Thanks Bill. Last question – I thought that x86_64 as well as 64-bit ARM would be considered to use 64-bit by default, wouldn’t they?

The interpretation of 5.35 in Fortran code is now as a single precision constant 5.35E0 or 5.35_real32.
However, the interpretation of “5.35” read from a text file or character string into a higher precision real variable will be interpreted as 5.35_real128 if read into a quad precision real variable.

Prior to Fortran 90 most 32 bit compilers interpreted y=5.35 as 5.35_real64 or 5.35_real80, but Fortran 90 defined that 5.35 used in Fortran code is a default real constant.

For earlier compilers, the outcome was not defined, however most 32-bit compilers tried to support the precision required when converting 60-bit Fortran code to 32-bit Fortran, where 64-bit reals were the typical real precision in use.
Most programmers at the time learnt from experience, where converting to a F90+ compiler that resulted in a reduced precision outcome from conversion testing. This was further exacerbated on intel like processors when converting to 64-bit Fortran or SIMD, where 80-bit 80387 registers were not used, again removing default higher precision values.

The interpretation of 5.35 as a default real now has a strong historical understanding and so returning to higher precision interpretation, as with a read, is very unlikely.

The other confusion aspect that can hide this from a new user to Fortran is that many common real constants are the same at any precision, eg 1.0 2.0 10.0 or 0.5, while 0.1 or 1./3. are not and can be the source of unexpected rounding error when selecting real64 or real128 precision.

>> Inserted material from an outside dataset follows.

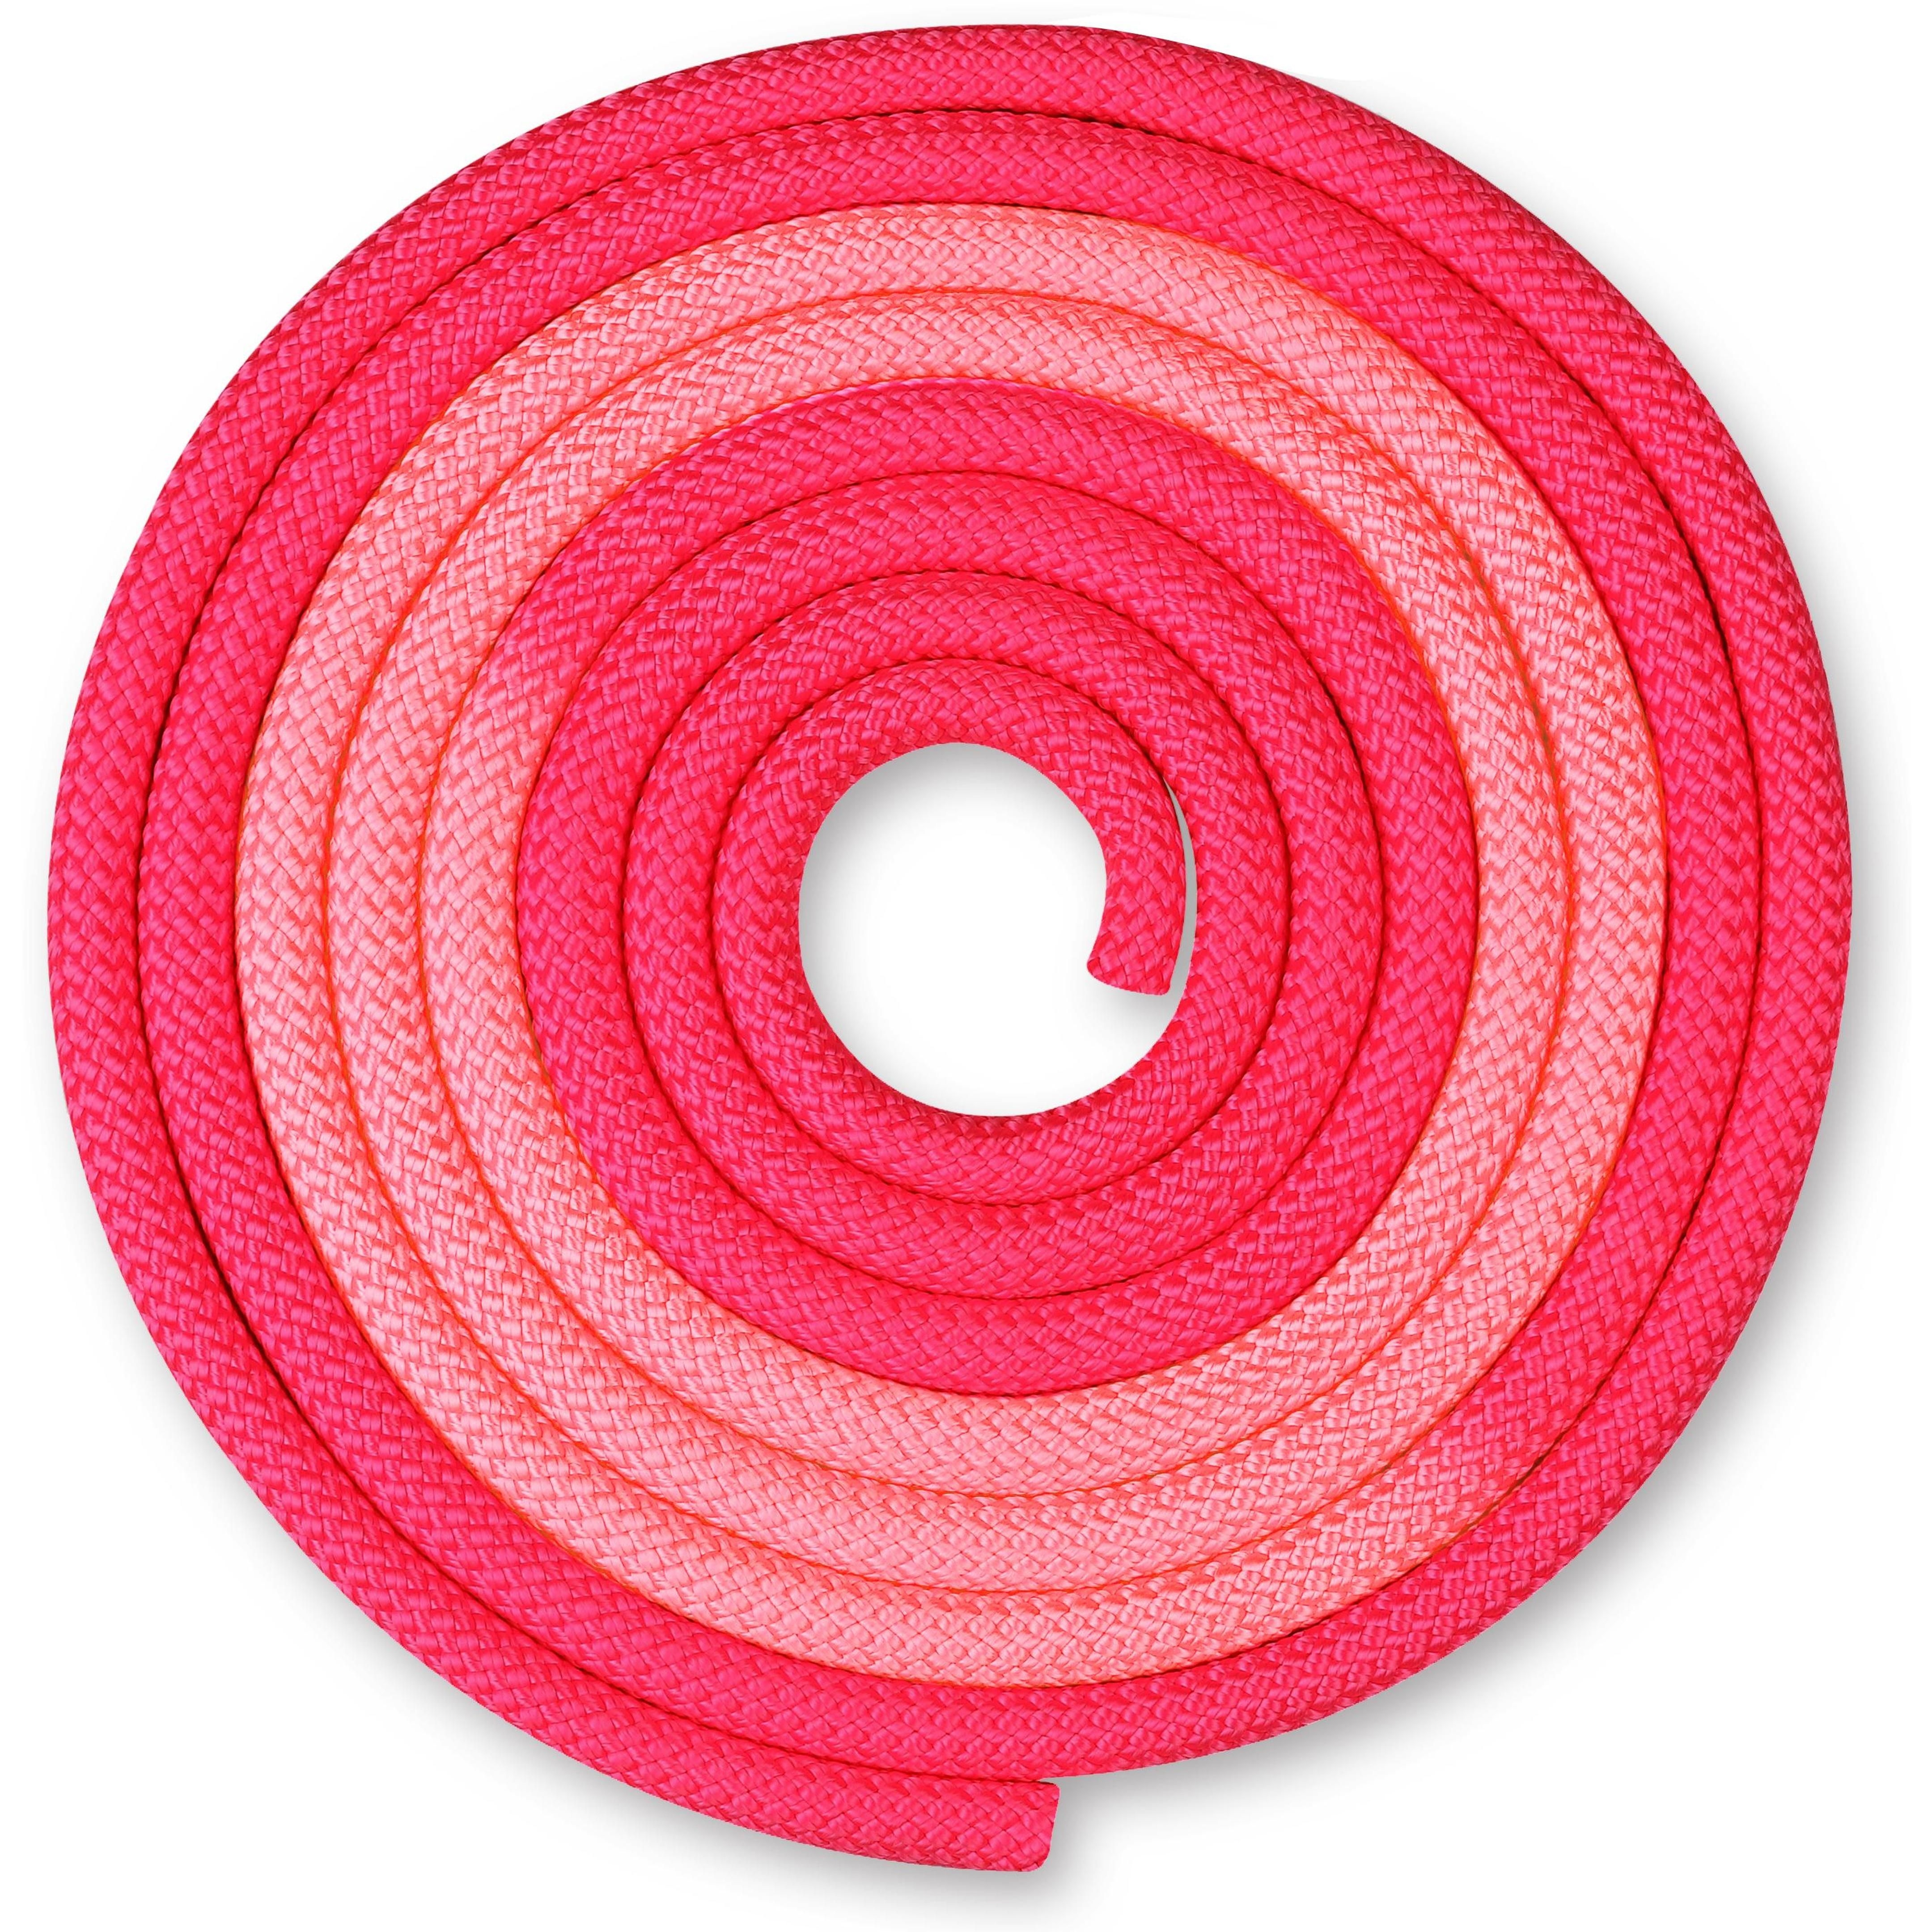 Cuerda para Gimnasia Rítmica Ponderada 165g INDIGO Bicolor 3 m Fucsia- Rosa

This problem is not limited to reals, as in the 64-bit environment where 64-bit integers are also required, using integer constants can overflow when 64-bit addresses or array sizes are used. The default is not always what you want, eg size (array).

This is a real differentiator between the Fortran standard and Fortran users.


I can not identify where this could occur in Fortran, as any real precision value of 1.0 should be implicitly converted to the same value in any precision. “A = 0.1” would be a very different case.